Unification problem, perhaps?
Cheers,
Manuel
From: Andreas Lochbihler <andreas.lochbihler@inf.ethz.ch>
Hi Manuel,
Thanks for the suggestion, your rule does suffice to prove the termination of my given
example. It differs from the existing estimation rules in that the left hand side of the
conclusion must be exactly of the summation form. The existing rules encode a transitivity
step
"[| y <= f (g x); f (g x) <= (∑x∈A. f (g x)) |] ==> y <= (∑x∈A. f (g x))"
and this is what introduces the schematic variable ?x in the assumptions which cause all
the trouble. And in general, this transitivity step is indeed needed (and your rule fails
there). For example, if the recursion in the datatype goes through another type.
datatype (plugins del: size) 'a tree2 = Leaf2 | Node2 'a "char ⇒ 'a tree2 × 'a"
instantiation tree2 :: (type) size begin
primrec size_tree2 :: "'a tree2 ⇒ nat"
where
"size_tree2 Leaf2 = 0"
| "size_tree2 (Node2 x ts) =
Suc (setsum (Suc ∘ fst ∘ (map_prod size_tree2 id ∘ ts)) UNIV)"
instance ..
end
fun zip_prod where "zip_prod f g (x, y) (u, v) = (f x u, g y v)"
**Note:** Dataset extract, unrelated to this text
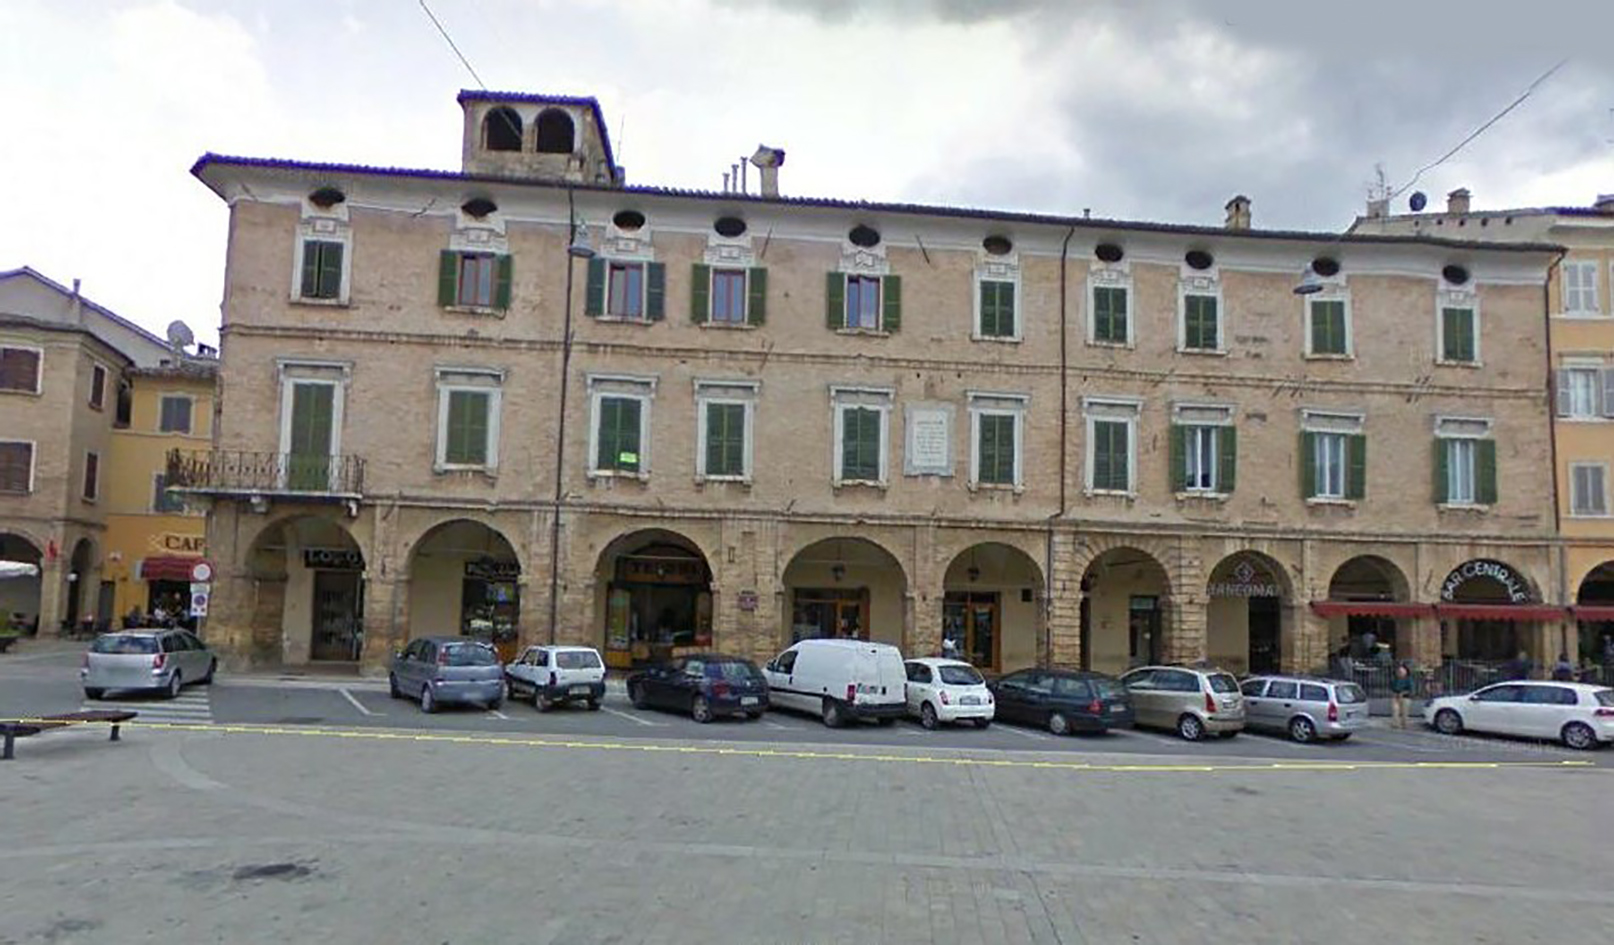 Palazzo Valentini (palazzo, signorile) - San Severino Marche (MC)

fun zip_tree2 :: "'a tree2 ⇒ 'b tree2 ⇒ ('a × 'b) tree2"
where
"zip_tree2 (Node2 x ts) (Node2 y ts') =
Node2 (x, y) (λz. zip_prod zip_tree2 Pair (ts z) (ts' z))"
| "zip_tree2 _ _ = Leaf2"
Do you think one can generalise your rule in a way such that it still works with
lexicographic_order?
Best,
Andreas
From: Andreas Lochbihler <andreas.lochbihler@inf.ethz.ch>
Dear experts of the simplifier and/or the function package,
For a datatype of finitely branching trees, I would like to setup the terminiation prover
of the function package such that it can automatically prove termination of my recursive
functions. My problem is that I cannot mimick the setup for other datatypes like lists and
I am running out of ideas how this can be fit into lexicographic order.
Here is my usecase and the analysis of the problem. The datatype tree recurses through the
function type, but the domain of the functions is finite. Thus, it is possible to define a
size function, although this must be done manually in Isabelle2015 (using setsum for
summing the sizes of the subtrees).
datatype (plugins del: size) 'a tree = Leaf | Node 'a "char ⇒ 'a tree"
instantiation tree :: (type) size begin
primrec size_tree :: "'a tree ⇒ nat" where
"size_tree Leaf = 0"
| "size_tree (Node x ts) = Suc (setsum (size_tree ∘ ts) UNIV)"
instance ..
end
Now, I would like lexicographic_order to prove termination of a function definition such
as the following:
fun zip_tree :: "'a tree ⇒ 'b tree ⇒ ('a × 'b) tree"
where
"zip_tree (Node x ts) (Node y ts') = Node (x, y) (λz. zip_tree (ts z) (ts' z))"
| "zip_tree _ _ = Leaf"
Without further setup, the termination proof fails because the proof tactic cannot solve
goals such as the following.
For recursion through lists, there is a custom setup, namely the theorems
size_list_estimation and size_list_estimation' which are declared as [termination_simp].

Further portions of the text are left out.